#### Supplied data:
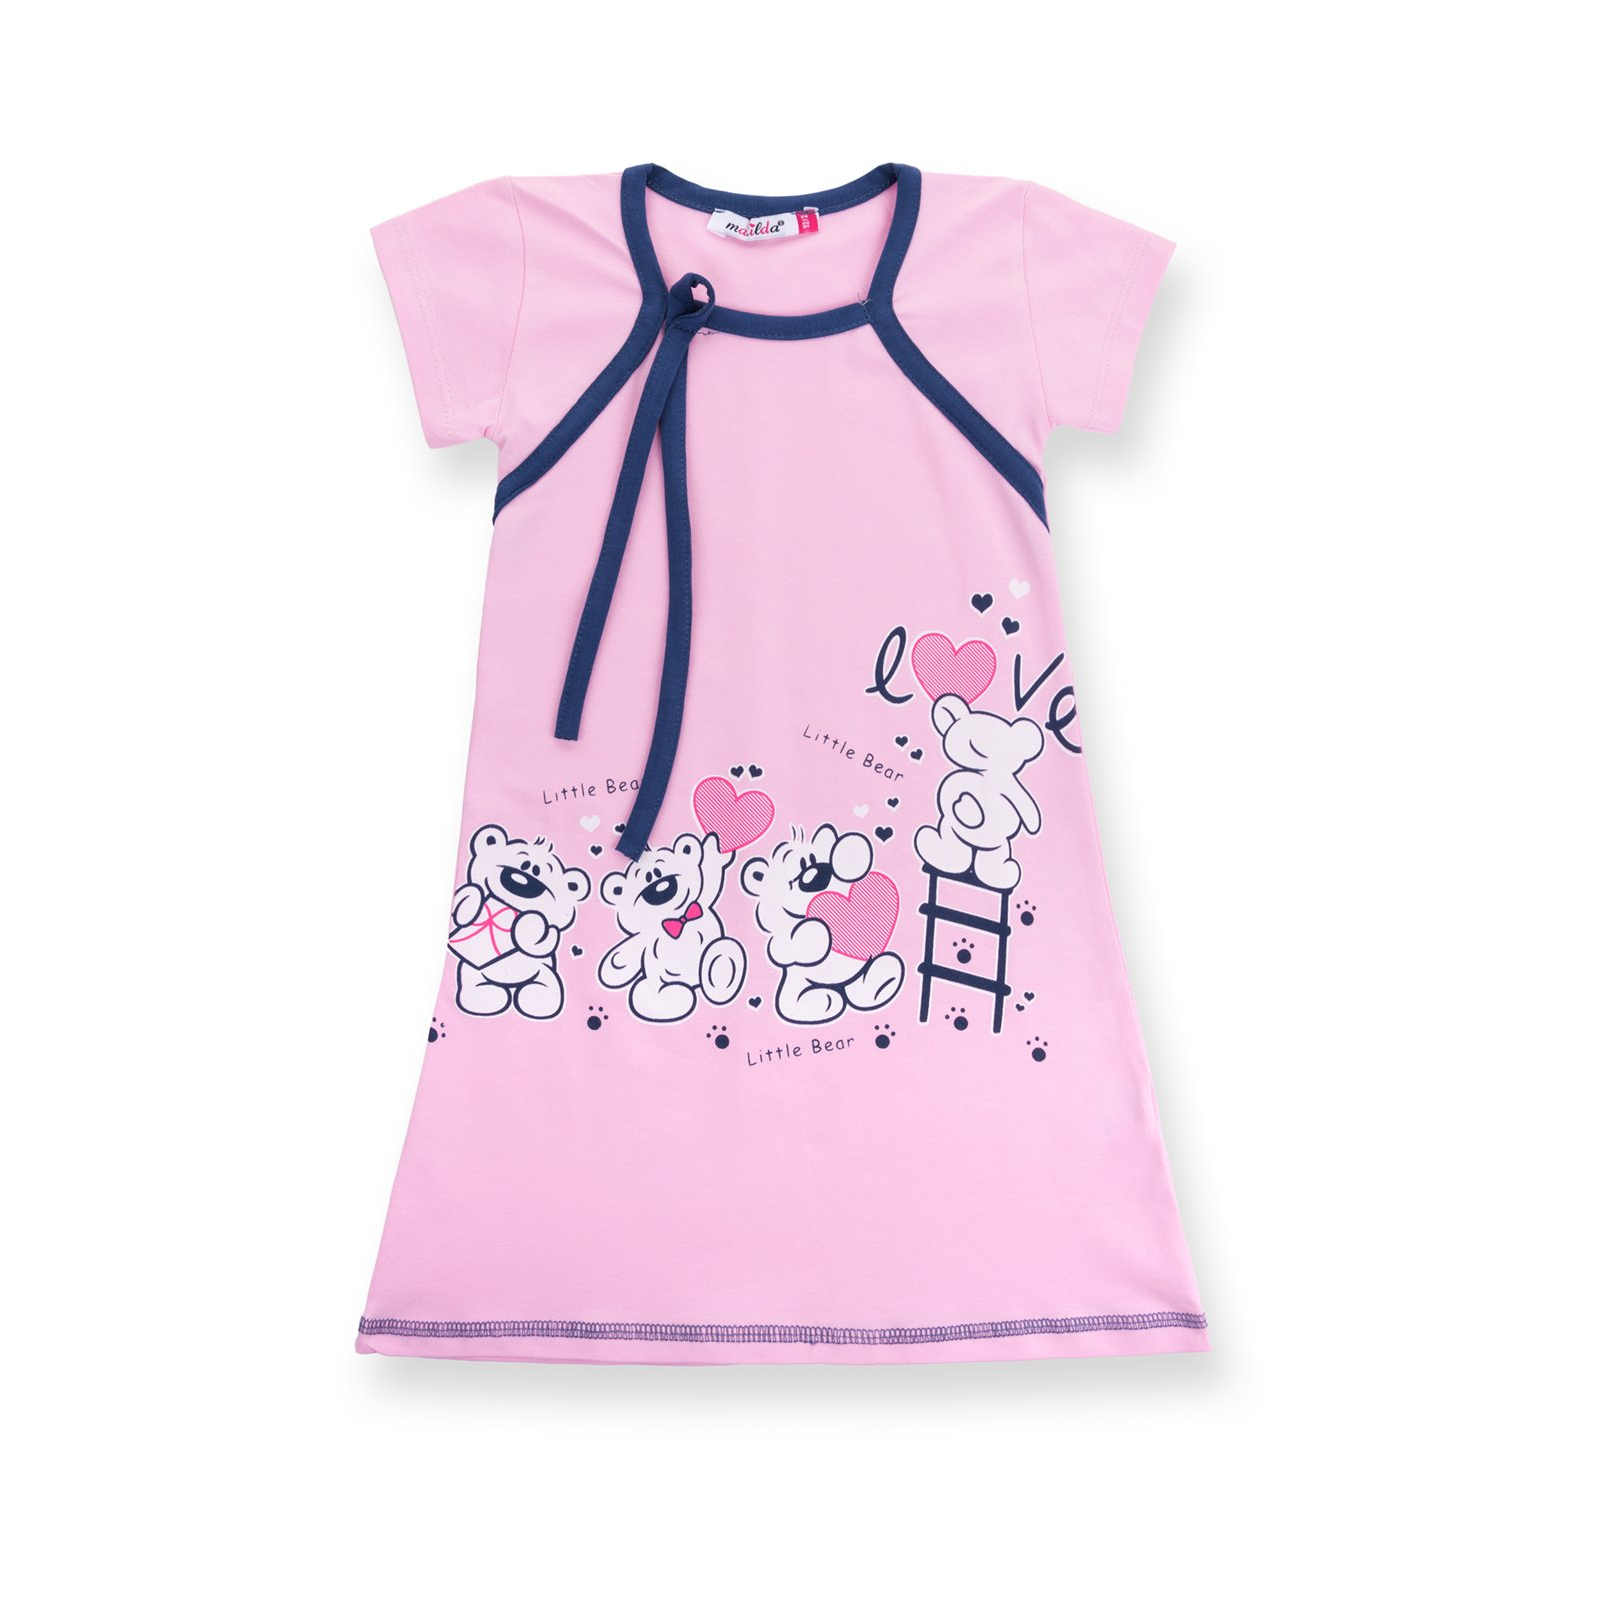 Пижама Matilda и халат с мишками "Love" (7445-98G-pink) изображение 3
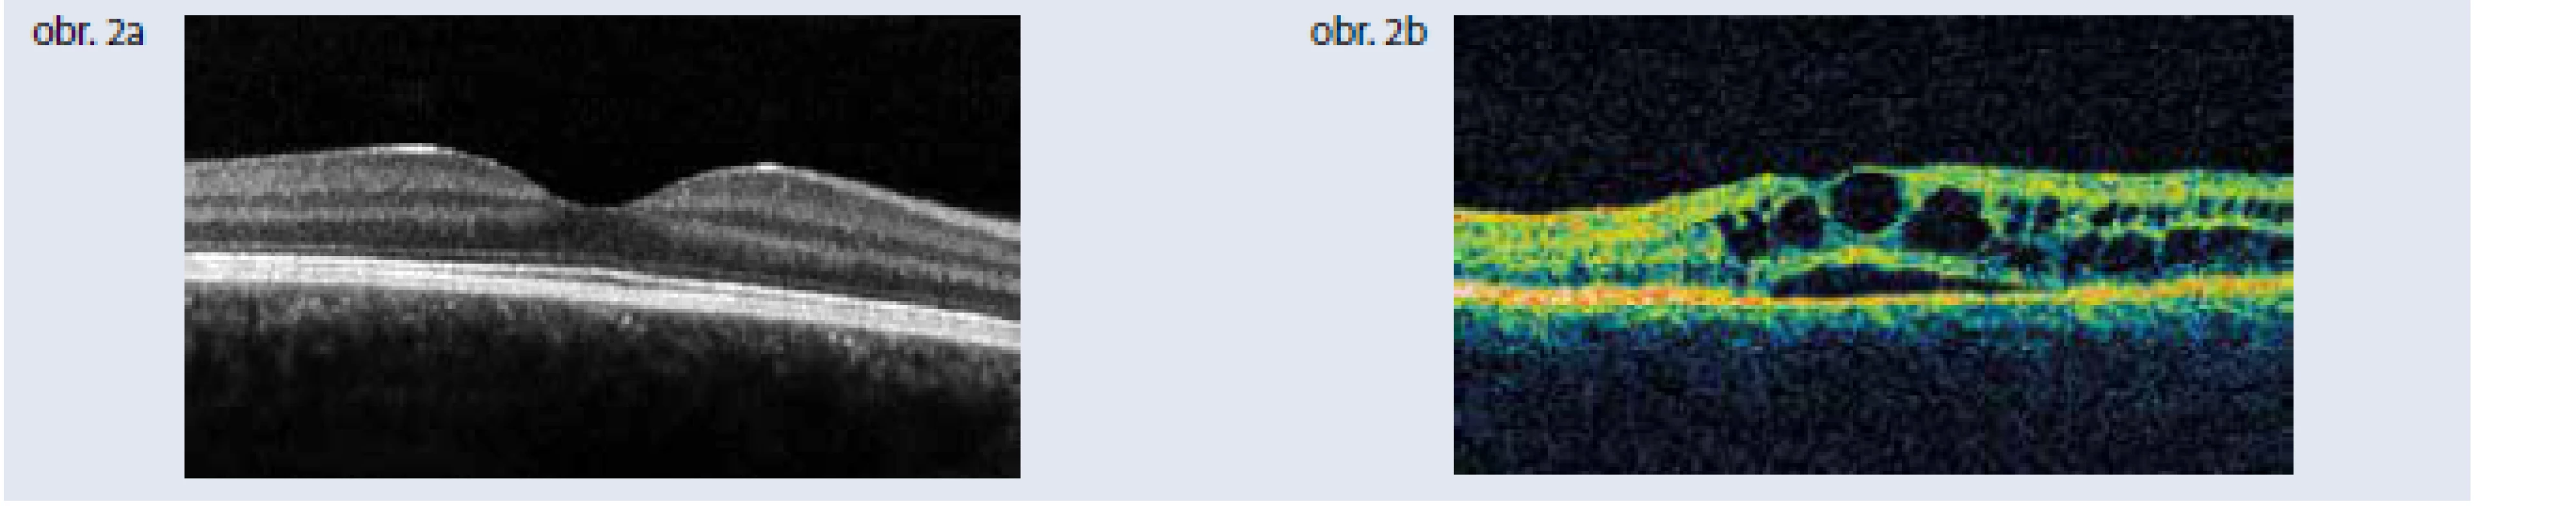 Optická koherentná tomografia. Obr. 2a | Optická koherentná tomografia normálnej makuly
Obr. 2b | Optická koherentná tomografia diabetického cystoidného edému makuly. Archív autorky

#### Assigned task:
In the reply, each line of the data must appear exactly as written, and no picture may appear.

#### Response:
 Пижама Matilda и халат с мишками "Love" (7445-98G-pink) изображение 3
 Optická koherentná tomografia. Obr. 2a | Optická koherentná tomografia normálnej makuly
Obr. 2b | Optická koherentná tomografia diabetického cystoidného edému makuly. Archív autorky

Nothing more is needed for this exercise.